EIGHT Nigerian university lecturers who were active in the six-month strike that ended in September have been sacked and evicted from their tied accommodation.
The lecturers, including Assisi Asobie, national president of the proscribed Academic Staff Union of Universities, were all employed at the the University of Nsukka.
During the dispute, union leaders had gone underground to escape security agents bent on harassing and eventually arresting them.
Dr Asobie's house and his office at the department of political science were under constant surveillance. His wife and children have been living in constant fear as he hardly ever appeared at home in case of arrest.
Then in November plain clothes security agents accompanied university officials to Dr Asobie's house to serve a 48-hour notice on him and to vacate the university quarters where he and his family live.
The notice recalled that a circular to all academic staff, following the proscription of the union last August, warned that if they failed to register their intention to return to work they would be dismissed. The other seven, all ASUU officials, include George Amadi, the branch chairman at the university's Enugu campus.

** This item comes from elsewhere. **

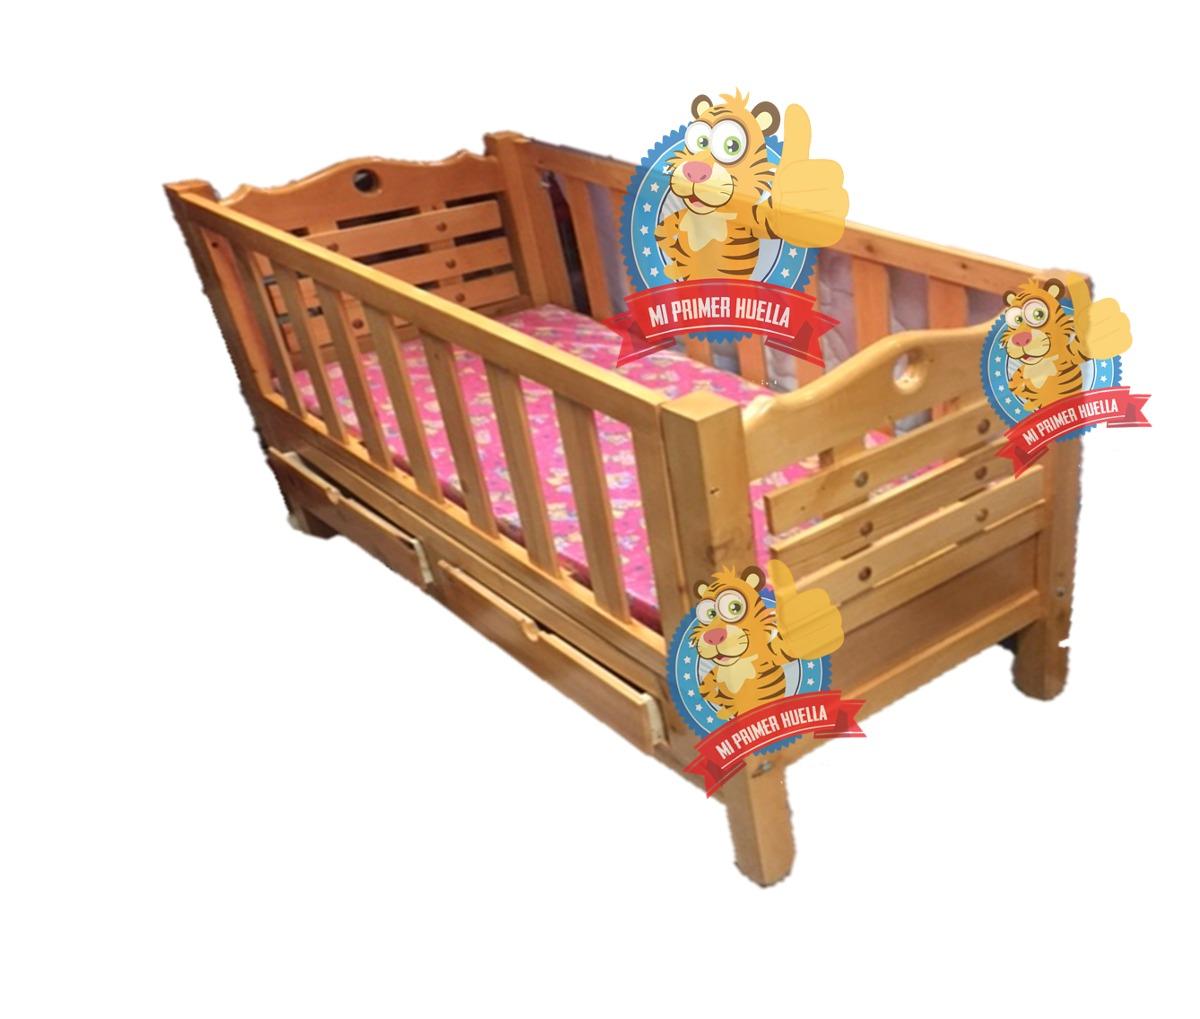 Cuna para bebe en madera 100 70 x de bebe cama cuna en mercado libre - Cambiador bebe para cuna ...

The dismissal of the national president was met with anger and dismay by the entire profession, including some vice chancellors, who feel the move could disrupt academic life after several months of strike action.
Mike Ikhariale, a constitutional lawyer who teaches human rights at the Lagos State University's faculty of law, said: "What is happening at Nsukka is very unfortunate. There is an injunction at Enugu federal high court restraining the university from tampering with the conditions of service of university lecturers pending the outcome of a motion brought against the university authorities by the academic staff.
"In a civilised environment where the rule of law reigns supreme, none of the parties in the dispute must do anything that could jeopardise the integrity of the law of the land. The sacking of the national president is both a clear contempt of court and a deliberate provocation of the teachers."
Abubarkar Momoh, a political scientist and branch chairman of the union at the Lagos State University, said it had become a predictable pattern for Nigeria's military rulers to jail, sack and harass union leaders. Two national newspapers, the Daily Champion and the National Concord, have spoken out against victimisation of the lecturers.
The government council of Ogun State University has rescinded an earlier decision to sack 162 lecturers. This would have included the entire leadership of the local union branch.
It is the third time a national president of the union has either been sacked or otherwise harassed. After a strike in the early 1980s the then national president was fired from his job while in the late 1980s a successor was detained by the security forces for three months.